(TASK STATEMENT)
Produce a verbatim copy of the data below that contains no pictures.
*** DATA BLOCK ***
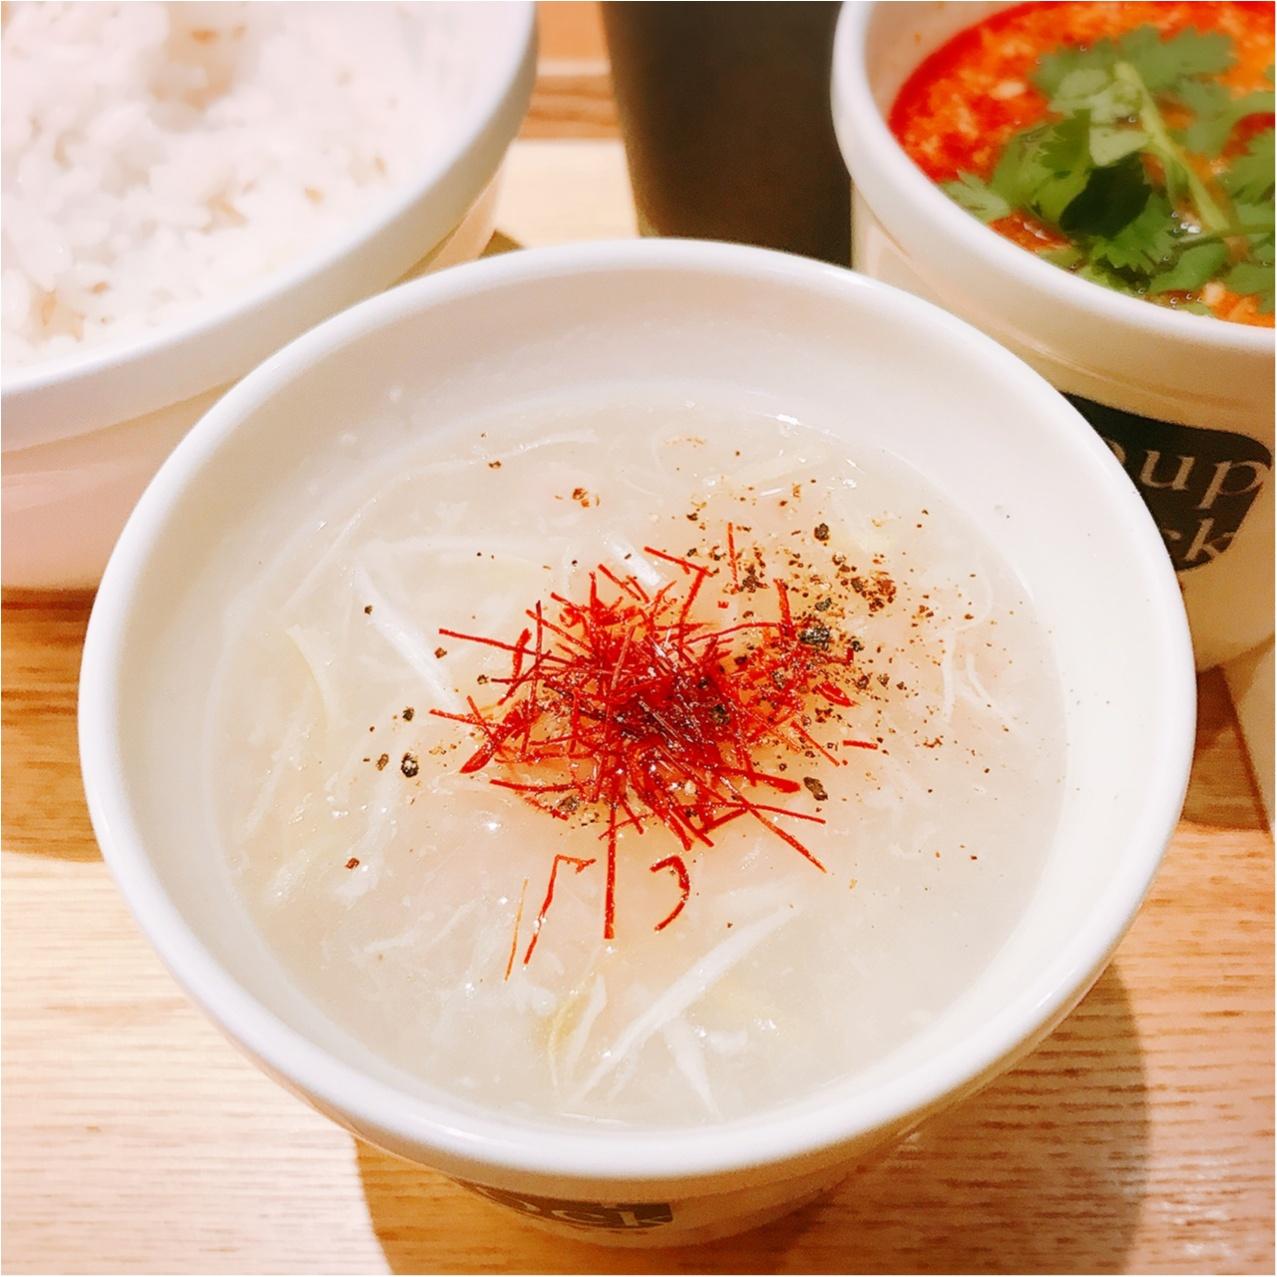 肌寒い日は《Soup Stock Tokyo》へ!新しくなった「参鶏湯(サンゲタン)」で温まろう♡_2
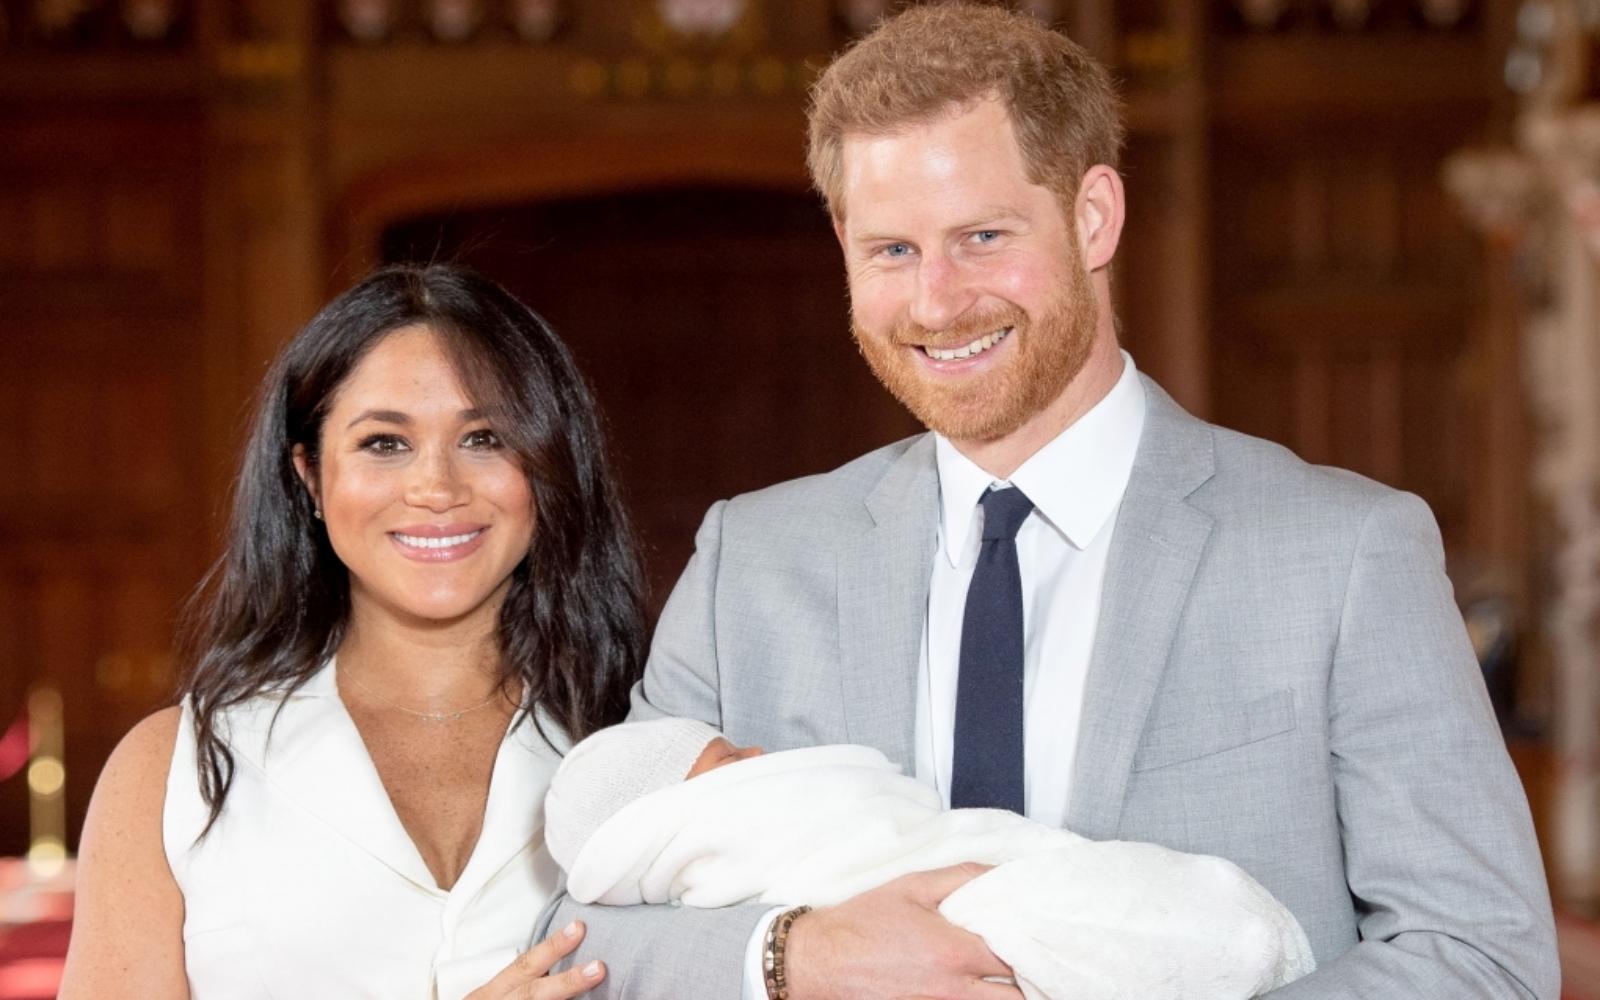 Micuțul Archie a împlinit 2 ani. Ce fotografie au publicat Prințul Harry și Meghan Markle
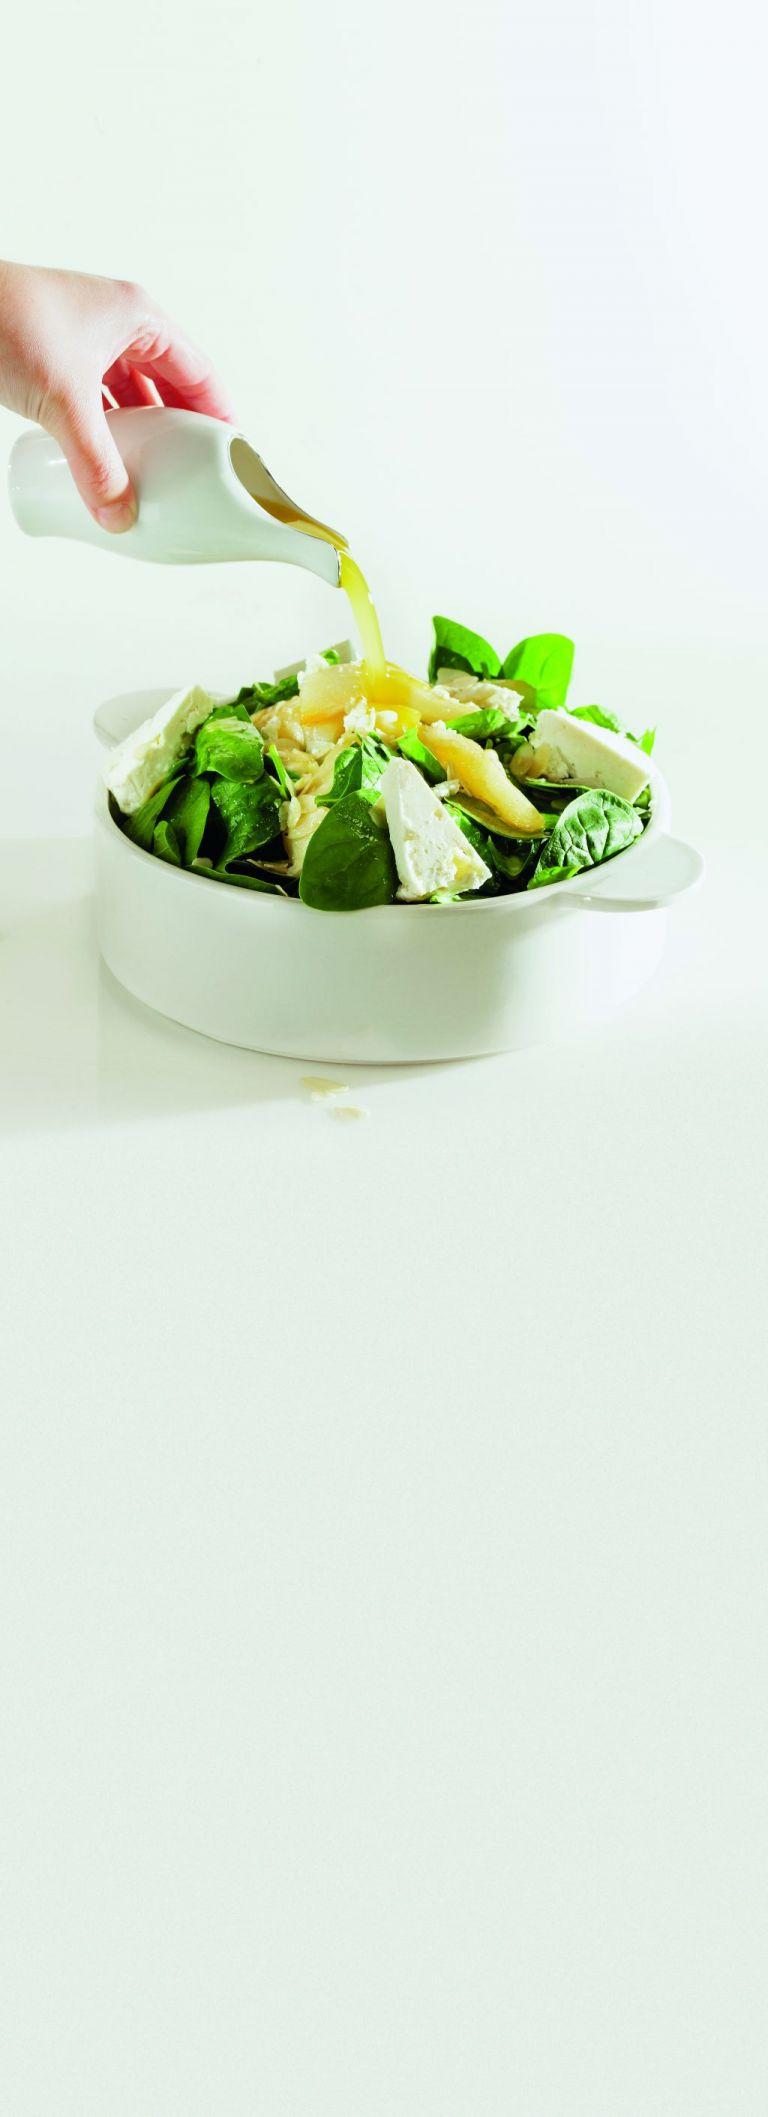 Σαλάτα με σπανάκι και καλαθάκι Λήμνου | tovima.gr
***
(RESPONSE BELOW)
 肌寒い日は《Soup Stock Tokyo》へ!新しくなった「参鶏湯(サンゲタン)」で温まろう♡_2
 Micuțul Archie a împlinit 2 ani. Ce fotografie au publicat Prințul Harry și Meghan Markle
 Σαλάτα με σπανάκι και καλαθάκι Λήμνου | tovima.gr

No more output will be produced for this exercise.